Stored items from a collection:

##########

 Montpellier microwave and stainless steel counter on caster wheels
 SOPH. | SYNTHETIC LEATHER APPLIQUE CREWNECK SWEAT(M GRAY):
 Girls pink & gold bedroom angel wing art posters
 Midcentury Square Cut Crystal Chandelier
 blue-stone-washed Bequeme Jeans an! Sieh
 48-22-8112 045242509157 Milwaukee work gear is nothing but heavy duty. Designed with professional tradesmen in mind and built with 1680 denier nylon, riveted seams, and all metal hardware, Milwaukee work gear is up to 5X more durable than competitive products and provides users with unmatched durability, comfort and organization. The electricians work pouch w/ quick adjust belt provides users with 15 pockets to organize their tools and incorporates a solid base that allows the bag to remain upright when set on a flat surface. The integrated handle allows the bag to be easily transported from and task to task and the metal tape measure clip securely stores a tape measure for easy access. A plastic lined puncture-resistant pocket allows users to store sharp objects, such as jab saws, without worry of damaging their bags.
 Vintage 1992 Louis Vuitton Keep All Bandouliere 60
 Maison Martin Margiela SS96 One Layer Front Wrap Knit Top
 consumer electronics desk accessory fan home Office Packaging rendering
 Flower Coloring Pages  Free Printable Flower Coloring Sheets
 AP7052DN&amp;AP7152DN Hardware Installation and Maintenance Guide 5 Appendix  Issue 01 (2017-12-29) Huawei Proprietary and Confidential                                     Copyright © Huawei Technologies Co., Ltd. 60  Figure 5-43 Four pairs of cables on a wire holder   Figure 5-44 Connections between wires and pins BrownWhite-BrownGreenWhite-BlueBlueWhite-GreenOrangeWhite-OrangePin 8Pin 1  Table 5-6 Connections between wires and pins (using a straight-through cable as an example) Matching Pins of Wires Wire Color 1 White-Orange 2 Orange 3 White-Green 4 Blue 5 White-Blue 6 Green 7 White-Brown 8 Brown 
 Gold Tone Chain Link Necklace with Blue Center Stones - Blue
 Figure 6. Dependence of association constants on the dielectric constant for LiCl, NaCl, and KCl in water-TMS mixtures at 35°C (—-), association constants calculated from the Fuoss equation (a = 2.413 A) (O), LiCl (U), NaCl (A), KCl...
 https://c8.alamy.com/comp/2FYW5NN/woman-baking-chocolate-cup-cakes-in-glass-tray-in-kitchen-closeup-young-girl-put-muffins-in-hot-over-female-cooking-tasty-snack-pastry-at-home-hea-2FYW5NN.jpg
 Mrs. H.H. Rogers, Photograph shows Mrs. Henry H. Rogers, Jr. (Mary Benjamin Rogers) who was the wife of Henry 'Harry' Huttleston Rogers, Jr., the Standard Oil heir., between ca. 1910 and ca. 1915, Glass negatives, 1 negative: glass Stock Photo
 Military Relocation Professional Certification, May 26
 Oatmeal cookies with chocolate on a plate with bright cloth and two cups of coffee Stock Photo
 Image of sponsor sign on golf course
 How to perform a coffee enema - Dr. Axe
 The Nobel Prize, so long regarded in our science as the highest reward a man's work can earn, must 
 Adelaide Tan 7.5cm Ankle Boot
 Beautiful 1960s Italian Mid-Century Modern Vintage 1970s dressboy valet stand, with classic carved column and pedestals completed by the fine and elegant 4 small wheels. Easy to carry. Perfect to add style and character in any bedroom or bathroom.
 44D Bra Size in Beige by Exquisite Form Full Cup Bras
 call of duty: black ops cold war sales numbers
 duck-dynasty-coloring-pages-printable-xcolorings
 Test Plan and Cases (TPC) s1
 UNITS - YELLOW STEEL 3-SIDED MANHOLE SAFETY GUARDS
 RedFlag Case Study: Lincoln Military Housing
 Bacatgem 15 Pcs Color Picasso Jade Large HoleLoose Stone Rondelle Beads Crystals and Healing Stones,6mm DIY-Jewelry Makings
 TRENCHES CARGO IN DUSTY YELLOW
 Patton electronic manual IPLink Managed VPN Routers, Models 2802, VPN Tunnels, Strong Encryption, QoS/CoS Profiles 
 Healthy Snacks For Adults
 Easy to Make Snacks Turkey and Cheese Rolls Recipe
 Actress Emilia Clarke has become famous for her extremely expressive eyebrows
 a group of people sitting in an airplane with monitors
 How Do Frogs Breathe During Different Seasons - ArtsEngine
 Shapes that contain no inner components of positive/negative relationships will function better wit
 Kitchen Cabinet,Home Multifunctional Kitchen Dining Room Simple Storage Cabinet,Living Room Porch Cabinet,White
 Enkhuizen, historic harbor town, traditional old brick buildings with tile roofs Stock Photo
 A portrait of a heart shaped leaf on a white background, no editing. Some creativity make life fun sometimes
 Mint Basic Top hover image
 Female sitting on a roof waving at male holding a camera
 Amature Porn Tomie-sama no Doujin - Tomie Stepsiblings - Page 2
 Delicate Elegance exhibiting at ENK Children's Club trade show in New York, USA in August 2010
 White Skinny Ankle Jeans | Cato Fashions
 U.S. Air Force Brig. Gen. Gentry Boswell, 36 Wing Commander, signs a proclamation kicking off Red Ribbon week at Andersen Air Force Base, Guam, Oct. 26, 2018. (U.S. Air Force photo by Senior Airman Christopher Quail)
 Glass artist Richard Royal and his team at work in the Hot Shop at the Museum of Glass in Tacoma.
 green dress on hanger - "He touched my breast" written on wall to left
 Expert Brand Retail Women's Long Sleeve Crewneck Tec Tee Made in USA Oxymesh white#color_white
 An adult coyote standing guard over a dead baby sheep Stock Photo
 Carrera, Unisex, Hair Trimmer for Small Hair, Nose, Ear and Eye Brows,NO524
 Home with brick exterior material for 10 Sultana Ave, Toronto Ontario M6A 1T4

##########

# Assignment
Would you copy, unchanged, the stretch of the records above that begins at the line containing "How to perform a coffee enema - Dr. Axe" and ends at the line containing "RedFlag Case Study: Lincoln Military Housing", and only that?

# Response below
 How to perform a coffee enema - Dr. Axe
 The Nobel Prize, so long regarded in our science as the highest reward a man's work can earn, must 
 Adelaide Tan 7.5cm Ankle Boot
 Beautiful 1960s Italian Mid-Century Modern Vintage 1970s dressboy valet stand, with classic carved column and pedestals completed by the fine and elegant 4 small wheels. Easy to carry. Perfect to add style and character in any bedroom or bathroom.
 44D Bra Size in Beige by Exquisite Form Full Cup Bras
 call of duty: black ops cold war sales numbers
 duck-dynasty-coloring-pages-printable-xcolorings
 Test Plan and Cases (TPC) s1
 UNITS - YELLOW STEEL 3-SIDED MANHOLE SAFETY GUARDS
 RedFlag Case Study: Lincoln Military Housing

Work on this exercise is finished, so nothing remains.